2. from .2 are you able to ping .1 and .5 ?

3. from .3 are you able to ping .1 and .5 ?

BB

=====Preenayamo Vasudevam=====

***** Rate All Helpful Responses *****

How to Ask The Cisco Community for Help

erasedhammer · ‎04-12-2020

I just restarted the firewall to see if that was the issue, and now I have communication between the .1 and .3.

BUT if I change gig0/10 to switchport access vlan 5 I no longer have ssh access from the .2 to the .3.

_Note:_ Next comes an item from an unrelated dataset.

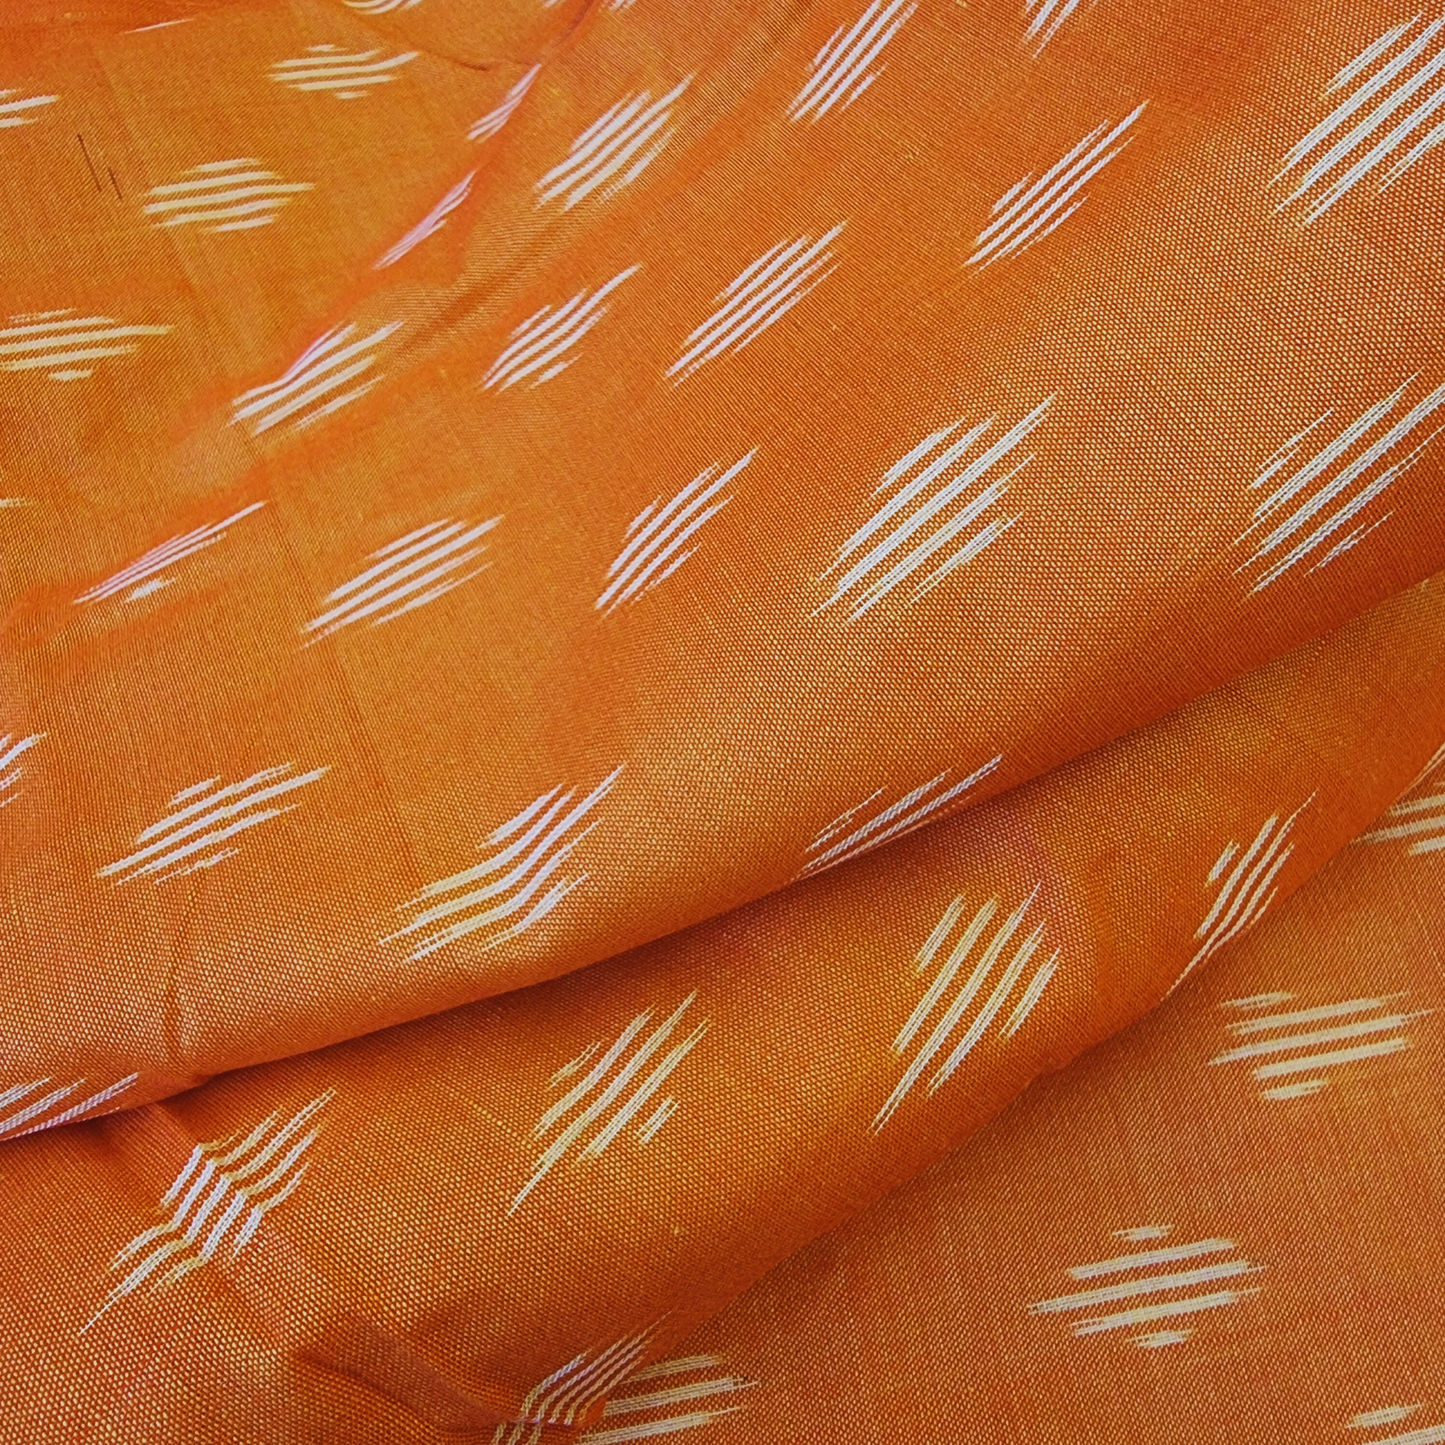 Indian Ikat Cotton Fabric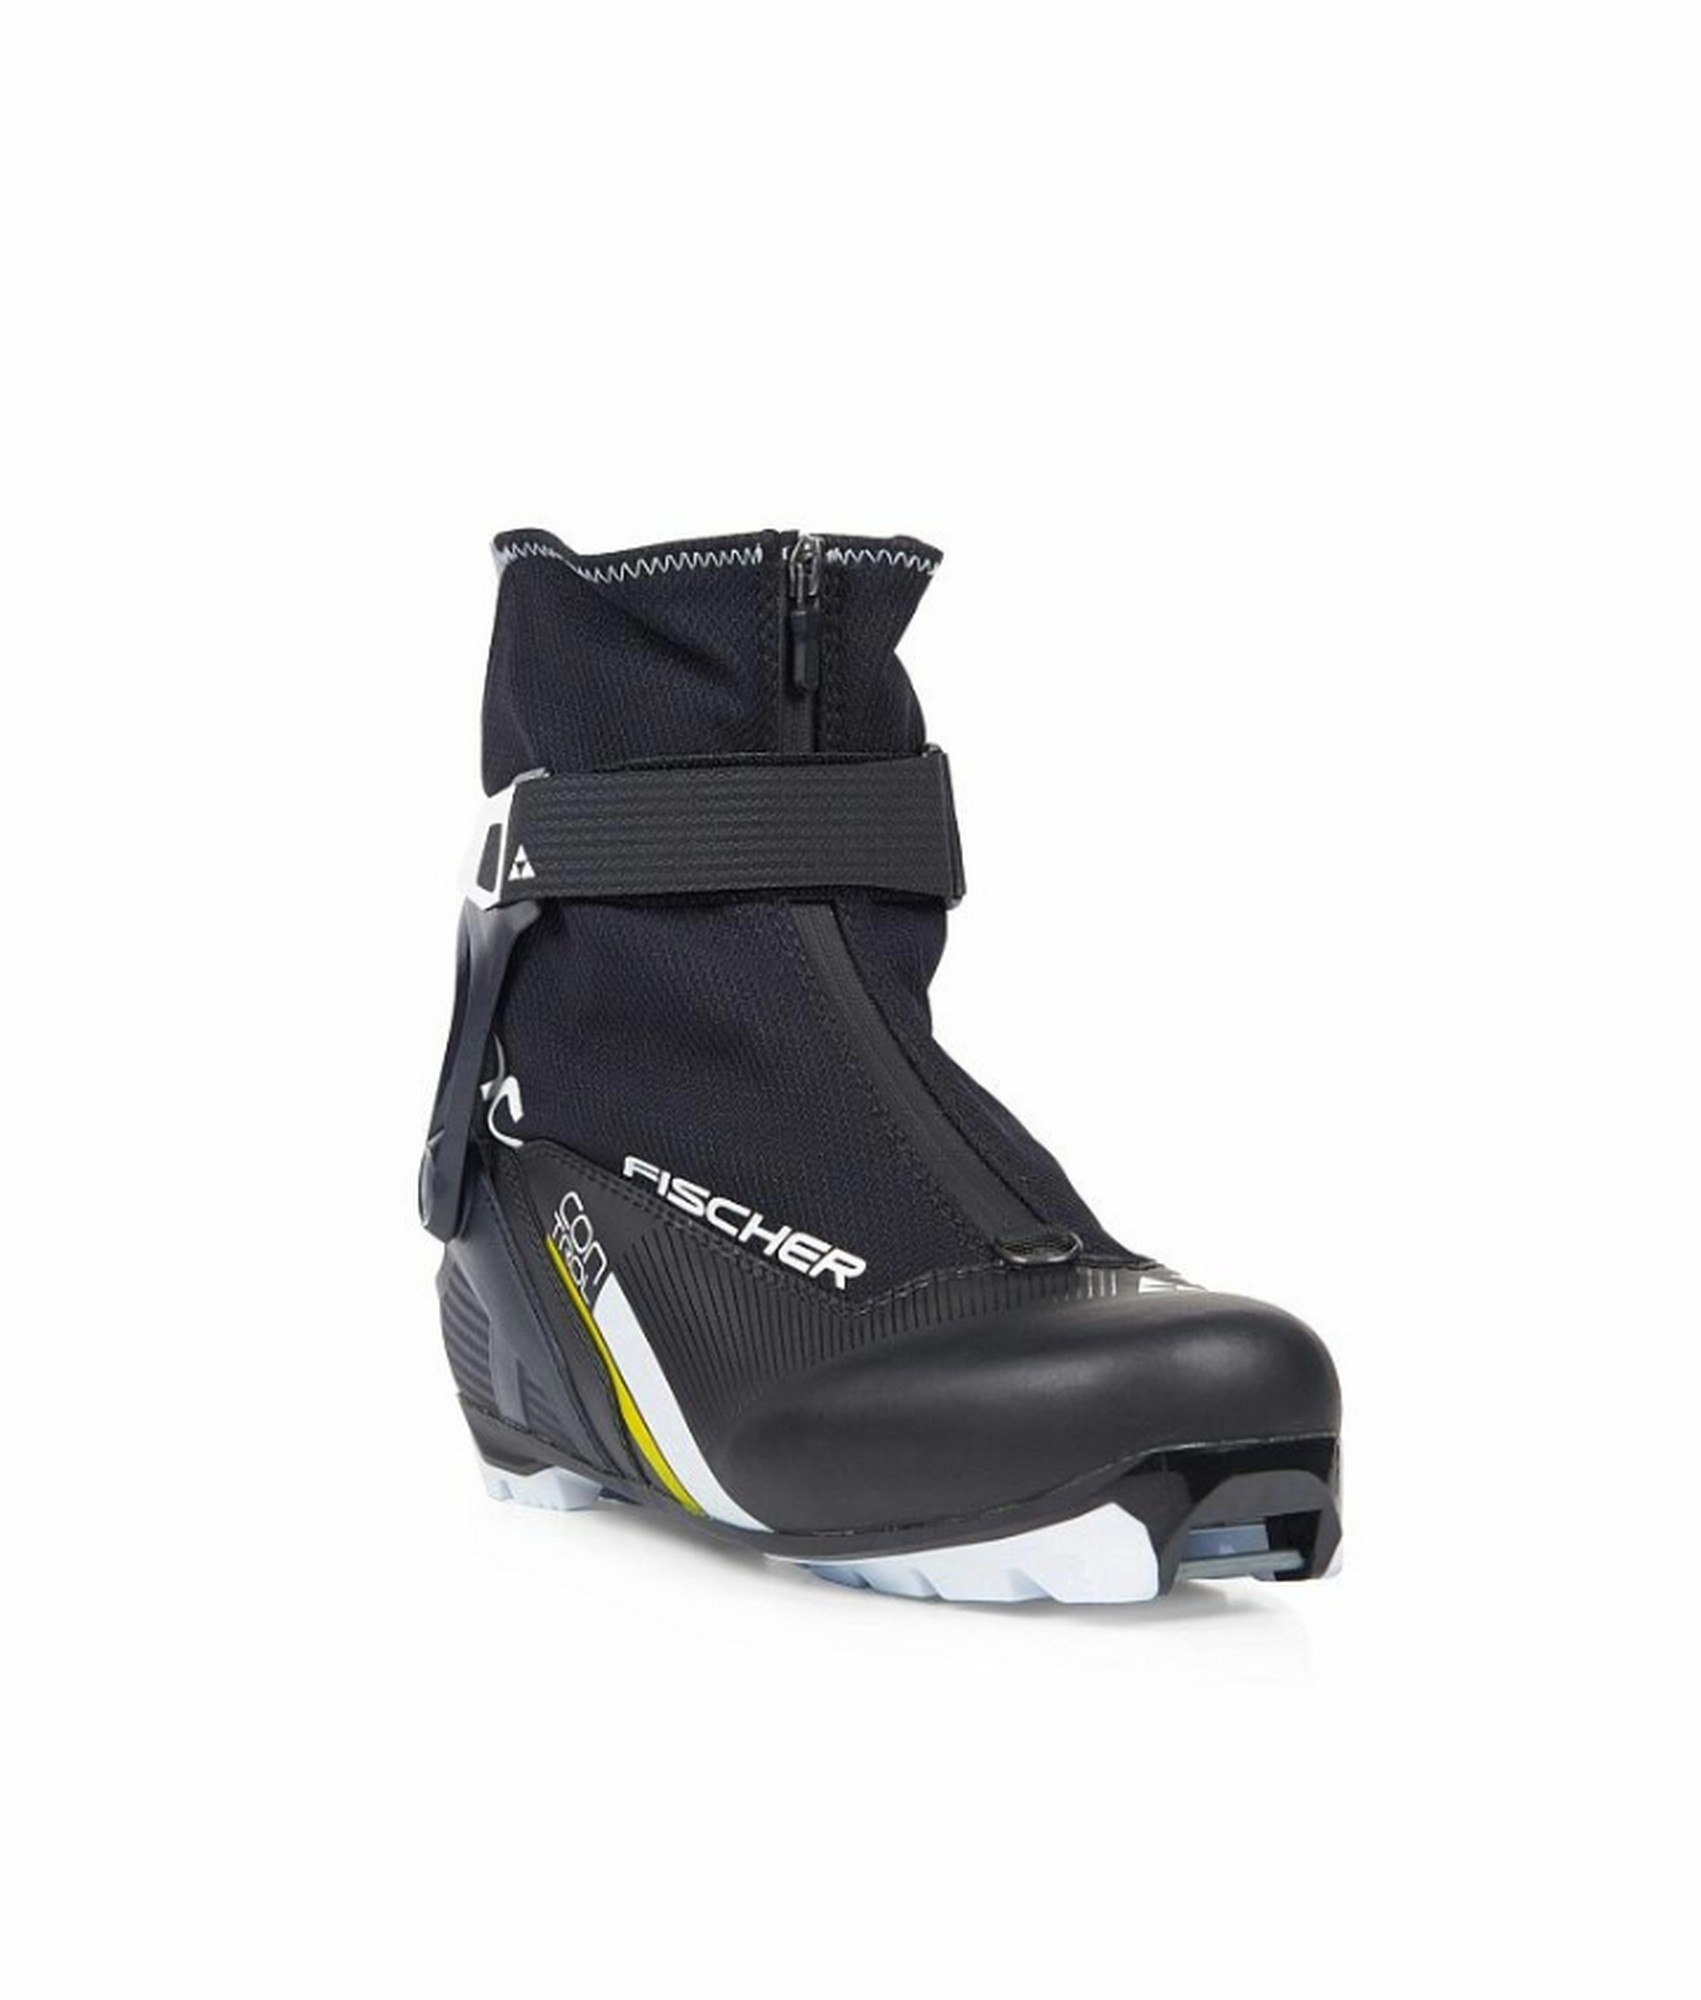 Лыжные ботинки Fischer NNN XC Control S20519 черный 1701_2000

The switch cannot ping anything.

The .2 can only ping the .3

The .3 can only ping the .2

balaji.bandi · ‎04-13-2020

Port 0/10 should be VLAN 5, since your Gatewway resides in PFSense, not sure what kind of FW rules there in the PFSENSE.

Port 0/9 configured as Trunk, as per diagram it is connected to cisco unmaaged Sw, what model ?

I suggested to change Port 0/9 and 0/10 as access port and make sure you confiured access port vlan 5 ( as per your config i did not see you configured VLAN 5 on port 0/10)

Once you configured, you should be able to communicate with :

1. From .5 you able to ping .1

2. From .2 are you able to ping .1

3. from .3 are you able to ping .1

4. then 2. .3 .5 should be able to ping and able to SSH.

BB

=====Preenayamo Vasudevam=====

***** Rate All Helpful Responses *****

How to Ask The Cisco Community for Help

erasedhammer · ‎04-13-2020

The unmanaged switch is a sg110d.

I changed gig0/9 and gig0/10 both to access vlan 5 and now I have communication between the .2 and .3. But I do not have access to the firewall or the internet. Should I use another switchport option for the three uplink ports?

Disregard, I have changed the uplink ports to also switchport access vlan 5 and now the internet works as well.